### Assignment:
Please print the line that holds "calgary comfort xl" and each line after it to the end of the data, word for word, without any pictures.

### Data:
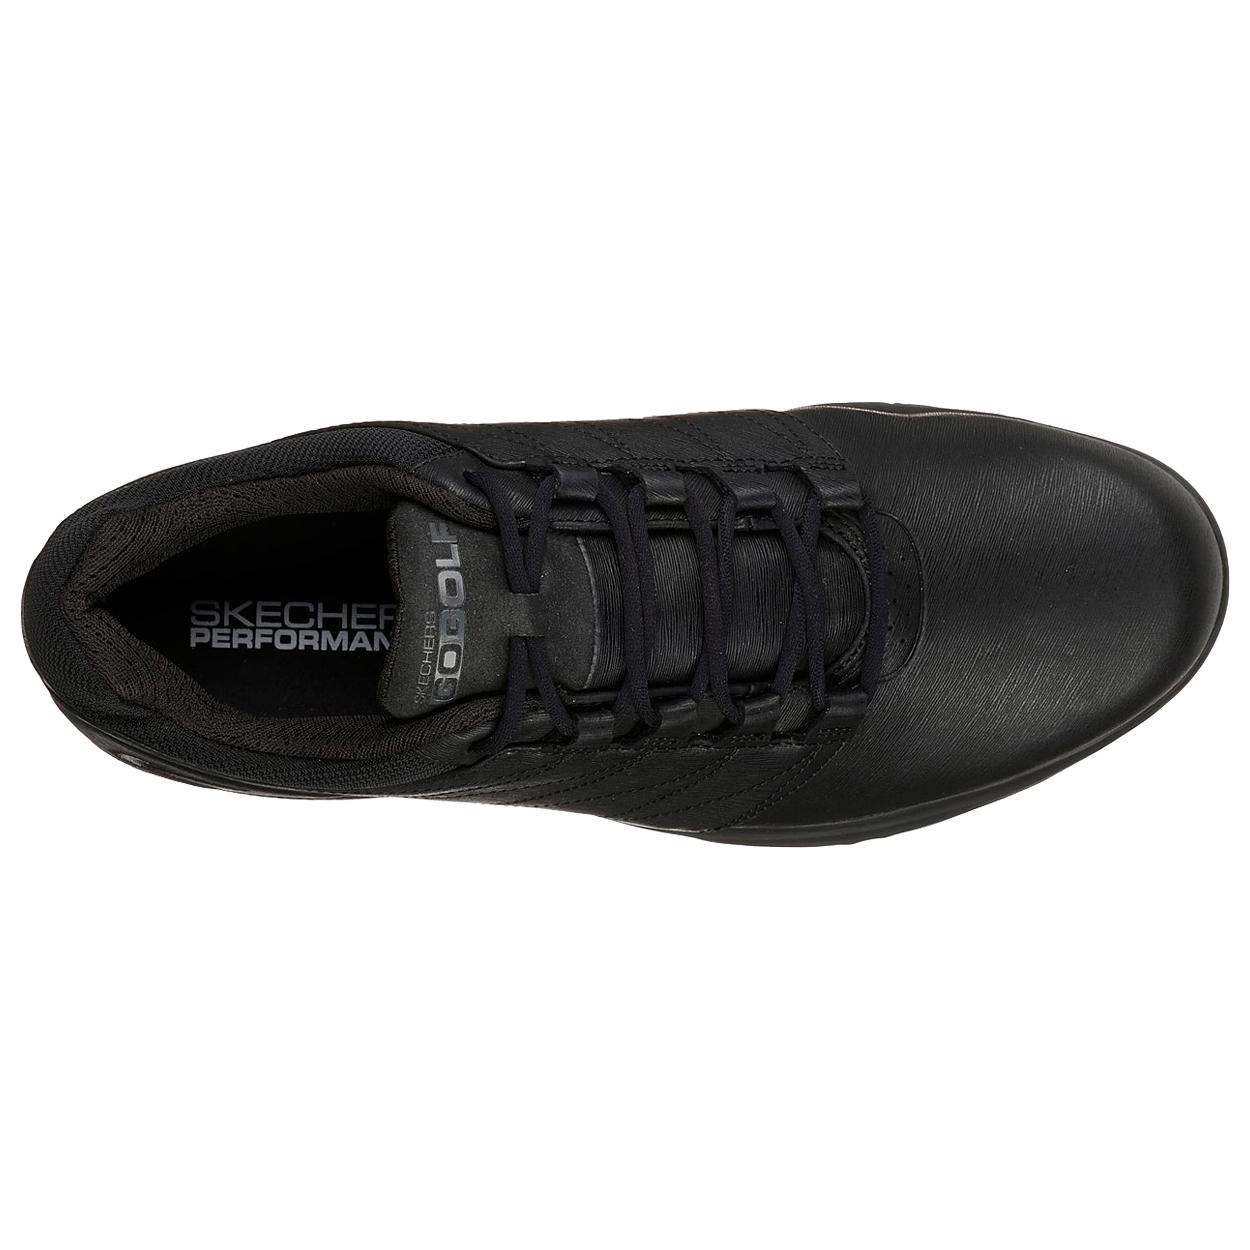 Skechers-Men-039-s-GOgolf-Pro-4-LX-Leather-Golf-Shoe-Brand-New thumbnail 8
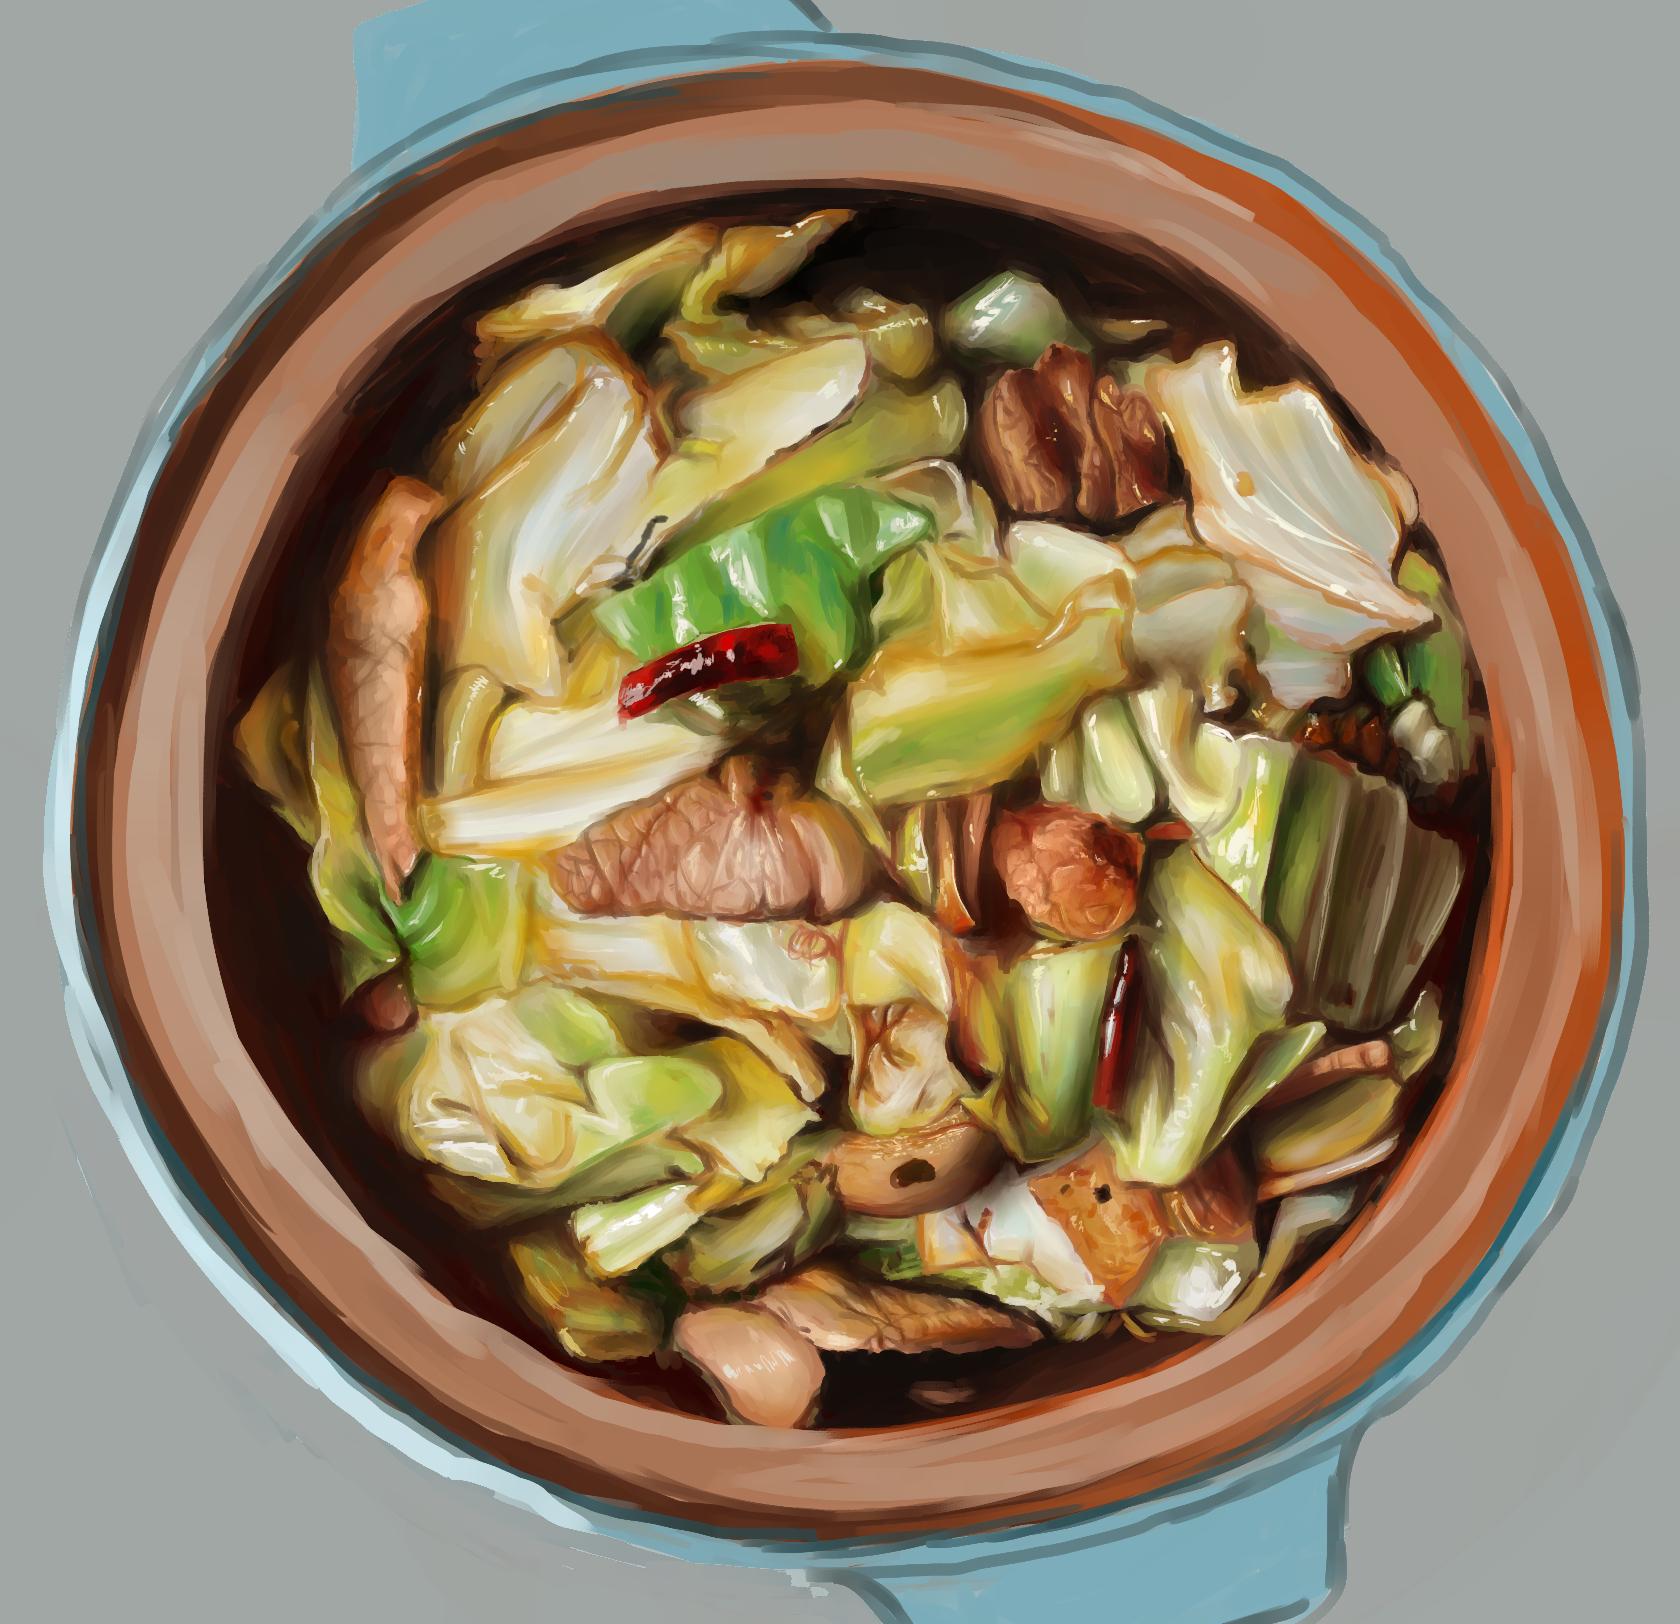 Stir-fried cabbage and pork
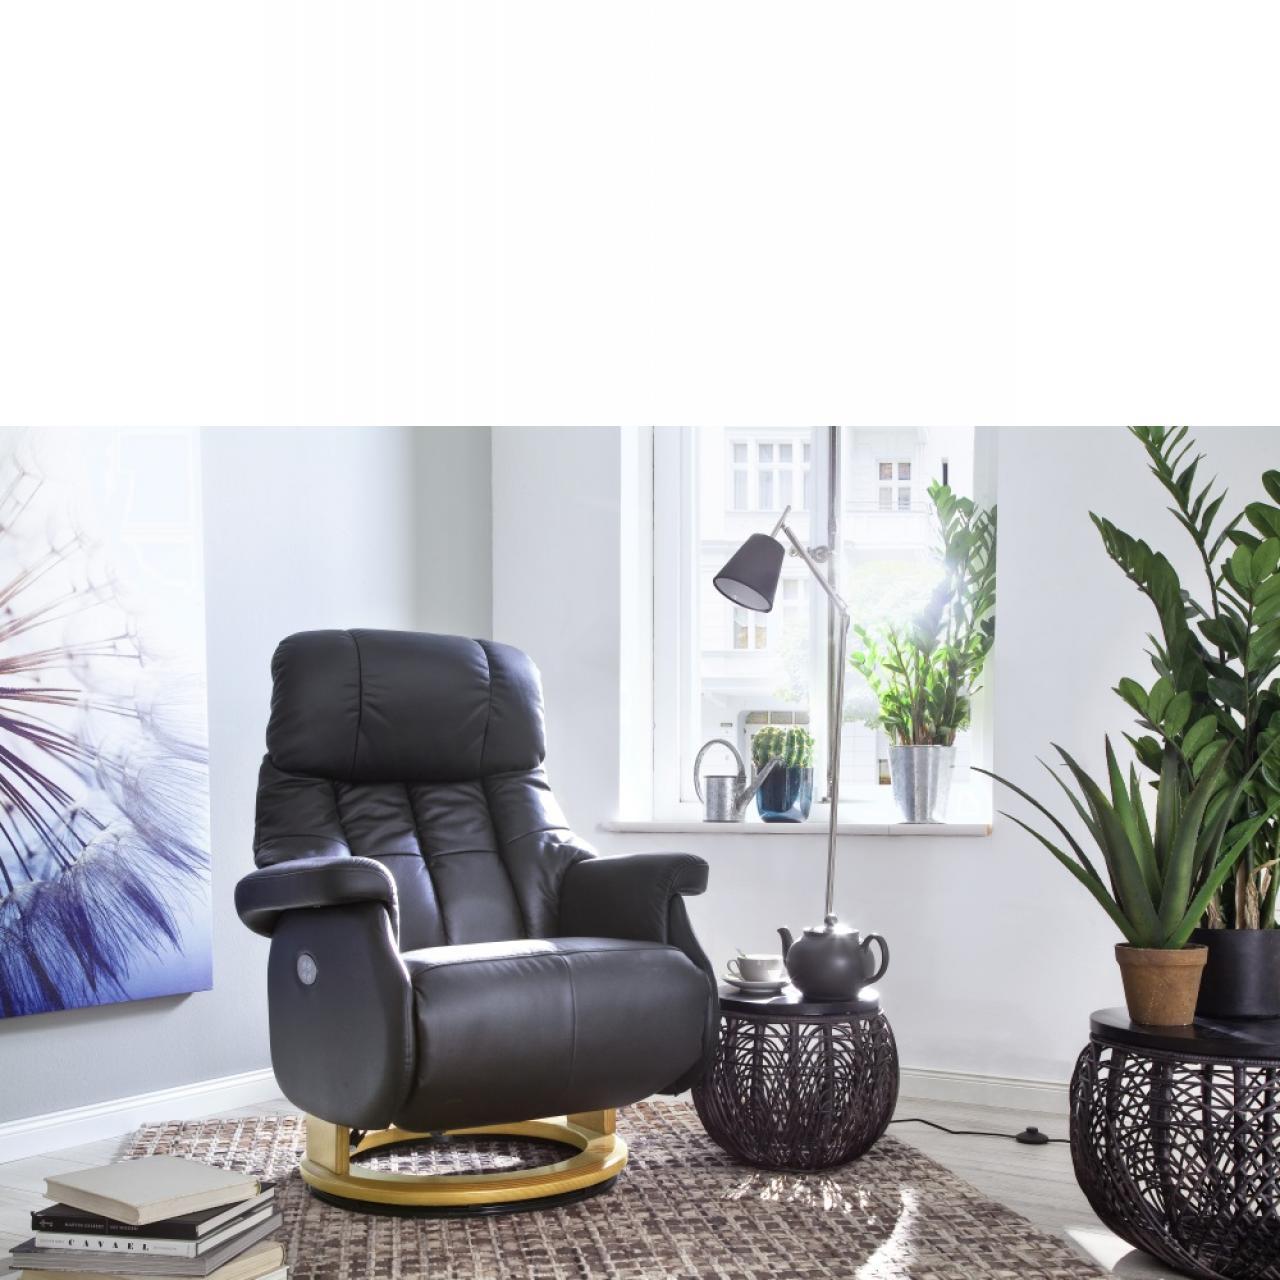 calgary comfort xl 64037sn5 sessel polsterm bel m bel j hnichen center gmbh. Black Bedroom Furniture Sets. Home Design Ideas
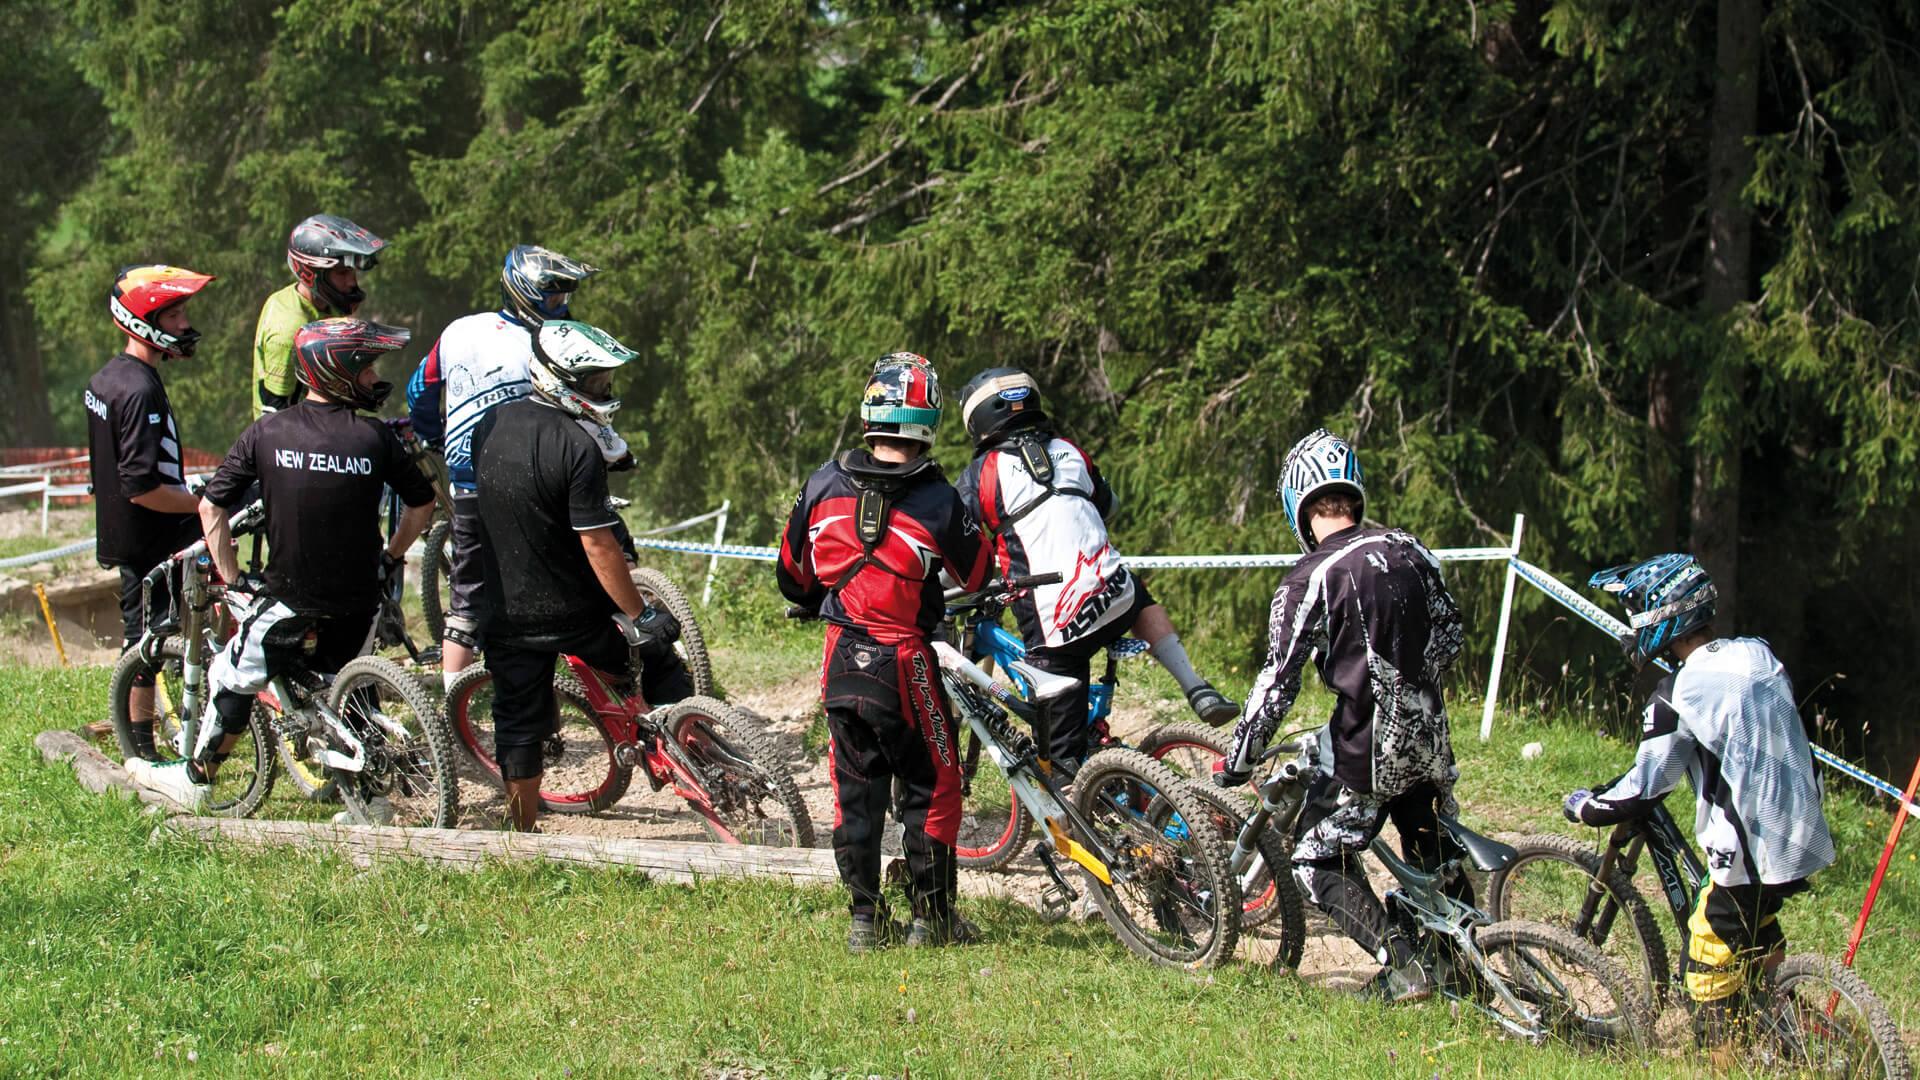 wiriehorn-downhill-sommer-rasant-gruppe

### Answer:
 calgary comfort xl 64037sn5 sessel polsterm bel m bel j hnichen center gmbh. Black Bedroom Furniture Sets. Home Design Ideas
 wiriehorn-downhill-sommer-rasant-gruppe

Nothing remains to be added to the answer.